O MLP traz elementos para conhecermos e amarmos a “última flor do Lácio”, mas também as primeiras flores de Pindorama. Nos seus três andares certamente encontraremos reflexões para descapirotizar línguas que fazem circular cantos, narrativas míticas, saberes e, dessa forma, combater a colonialidade, incapaz  de  organizar a cognição em outros parâmetros. Glotocentrismo e terraplanismo andam de mãos dadas. 

Puxa vida, eu daria tudo para percorrer a exposição do MLP acompanhado de meu amigo guarani e das minhas três netas para dessa forma colorir o nosso pensamento. Quem mora em São Paulo ou passar por lá que aproveite. Por causa da pandemia, a entrada de 40 pessoas é permitida a cada 45 minutos com agendamento pela internet. Aguyjeveté.

P.S. 1 – “O olhar dos indígenas sobre a musealização da sua memória e do seu patrimônio” será apresentado no dia 04 de agosto, às 14h30 no Simpósio Internacional organizado pelo Programa de Pós-Graduação em Museologia e Patrimônio (PPG-PMUS) da UNIRIO, coordenado pela dra. Helena Cunha Uzeda, com a participação de Priscila Faulhaber e deste locutor que vos fala.   

P.S.2 – O Museu do Amanhã está produzindo uma exposição sobre a Amazônia prevista para novembro deste ano, abordando as tecnologias para manter a floresta em pé. A proposta é ter, na sala sobre a Amazônia milenar, áudios em diferentes línguas falando a mesma frase: “A floresta somos nós e nós somos a floresta”.  

Referências:

1. José Ângelo Quintero Weir (org) Las lenguas del diablo. Lengua, cosmovisión e re-existencia de los pueblos de Abia Yala. México. Tumbalacasa.2020

2. José R. Bessa: Índio falou, tá falado. http://taquiprati.com.br/cronica/1072-indio-falou-ta-falado

3. José R. Bessa: Das cinzas do museu: uma pátria, muitas línguas - http://taquiprati.com.br/cronica/1178-das-cinzas-do-museu-uma-patria-muitas-linguas-versao-em-espanhol

KARAPIRU – NOTA DE FALECIMENTO

Karapiru, ou “Carapiru” como acabou mais conhecido, faleceu em Santa Inês, no interior do Maranhão, na última sexta-feira, 16 de julho de 2021. A história da sua vida é extraordinária. Pertencente ao povo Awa Guajá, vivia isolado na mata com sua família, quando, nos anos 1970, sofreu uma emboscada de fazendeiros que circulavam na região. Ao ataque, sobreviveram apenas ele e um de seus filhos. O menino foi capturado pelos agressores. O pai fugiu. Passou dez anos escondido, sempre em movimento, sempre fugindo dos não indígenas. Percorreu sozinho centenas de quilômetros, do Maranhão até o norte da Bahia, onde, em meados dos anos 1980, topou com moradores de uma comunidade rural na cidadezinha de Angical. O seu aparecimento repercutiu na região, atraiu a atenção da Fundação Nacional do Índio e da imprensa do país inteiro.

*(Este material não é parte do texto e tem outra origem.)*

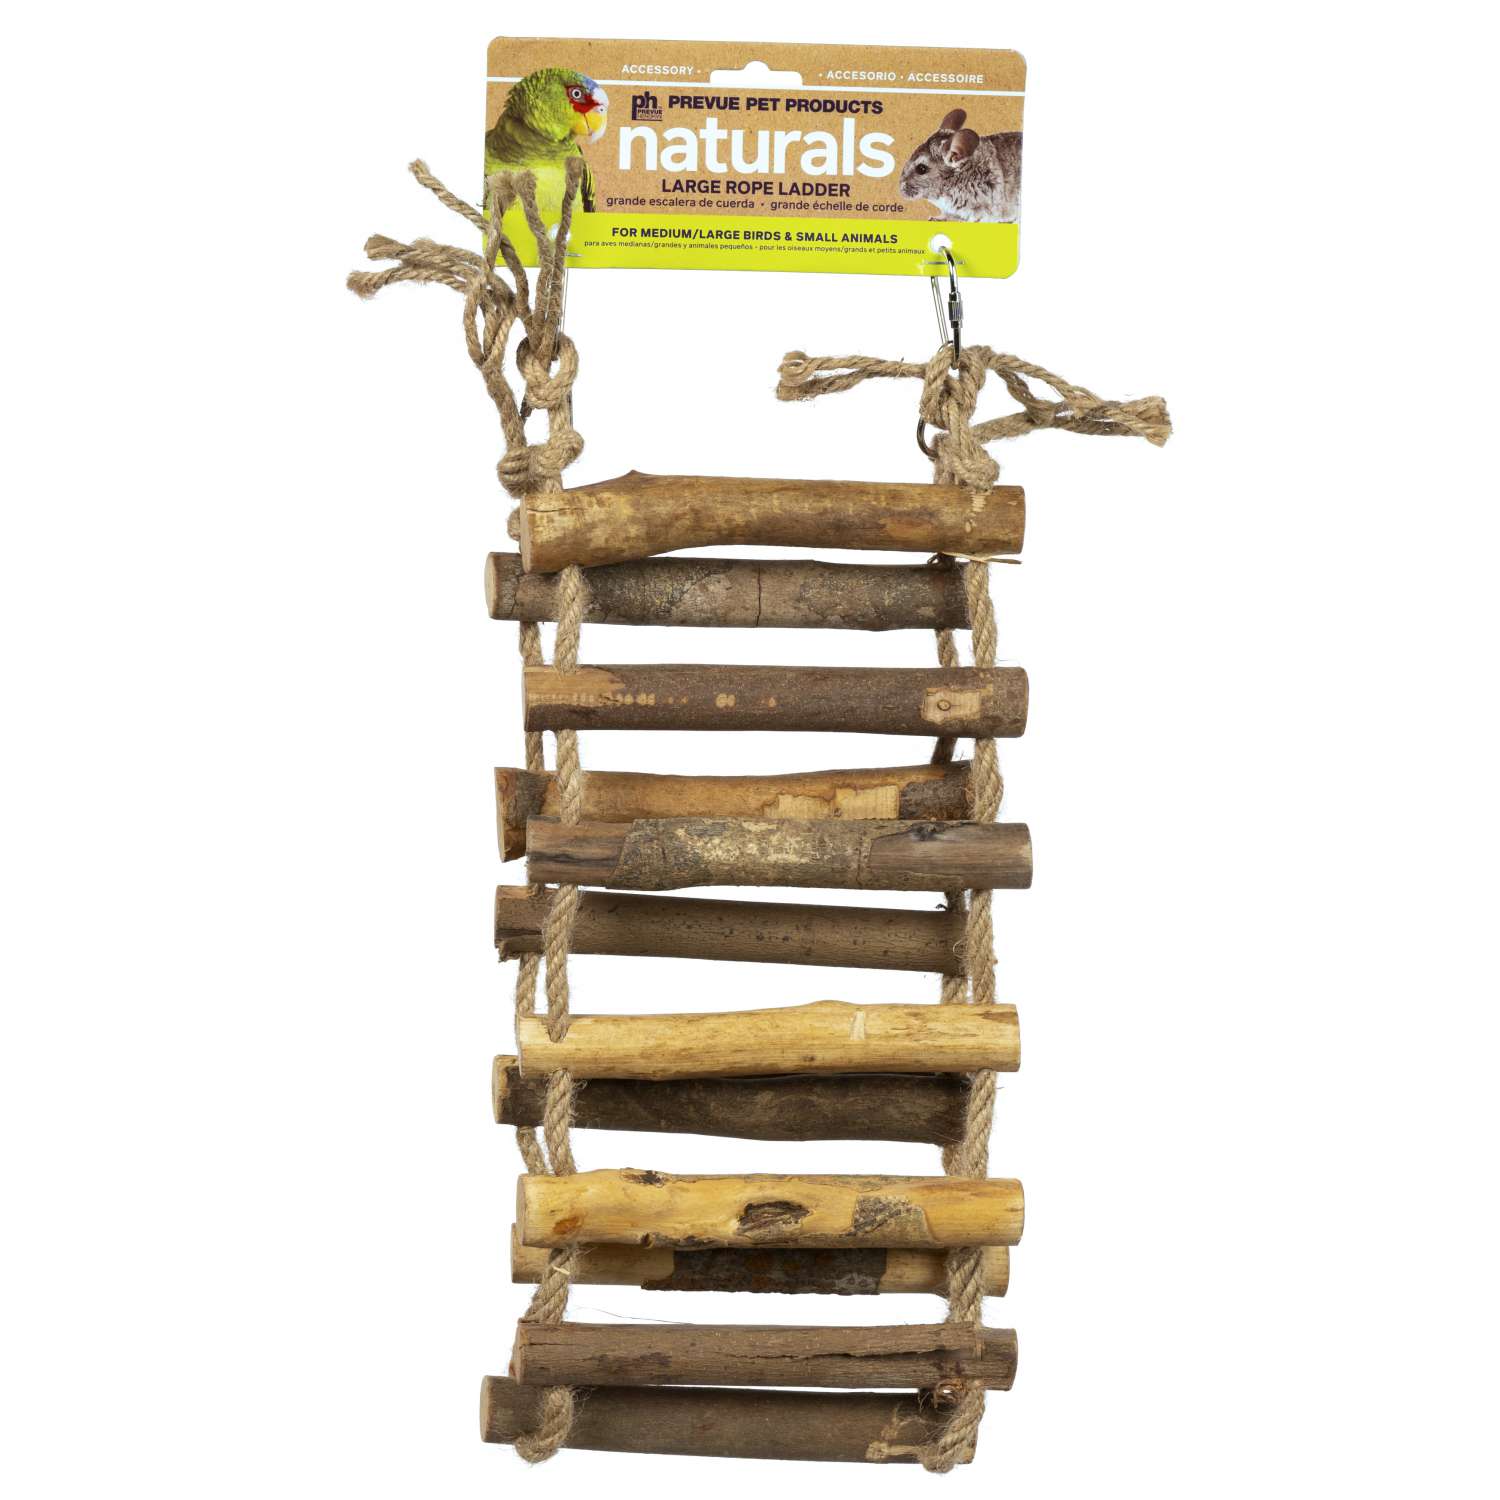 Large Rope Bird Ladder 62807 Prevue Pet Products

Ninguém sabia quem era ele, que língua falava ou por que estava ali. Em uma das inúmeras tentativas de solucionar o mistério, a FUNAI decidiu levar um intérprete Awa Guajá para falar com ele. Foi então que o rapaz, ao encontrar com Karapiru, olhou-o bem no rosto, reconheceu as marcas dos tiros em seu corpo - cuja dor ele carregaria pelo resto da vida - e concluiu:

- “Ele é meu pai”.

A partir desse reencontro, num movimento impensável do acaso, ele pôde restabelecer contato com a família e enfim voltar a viver junto de seu povo.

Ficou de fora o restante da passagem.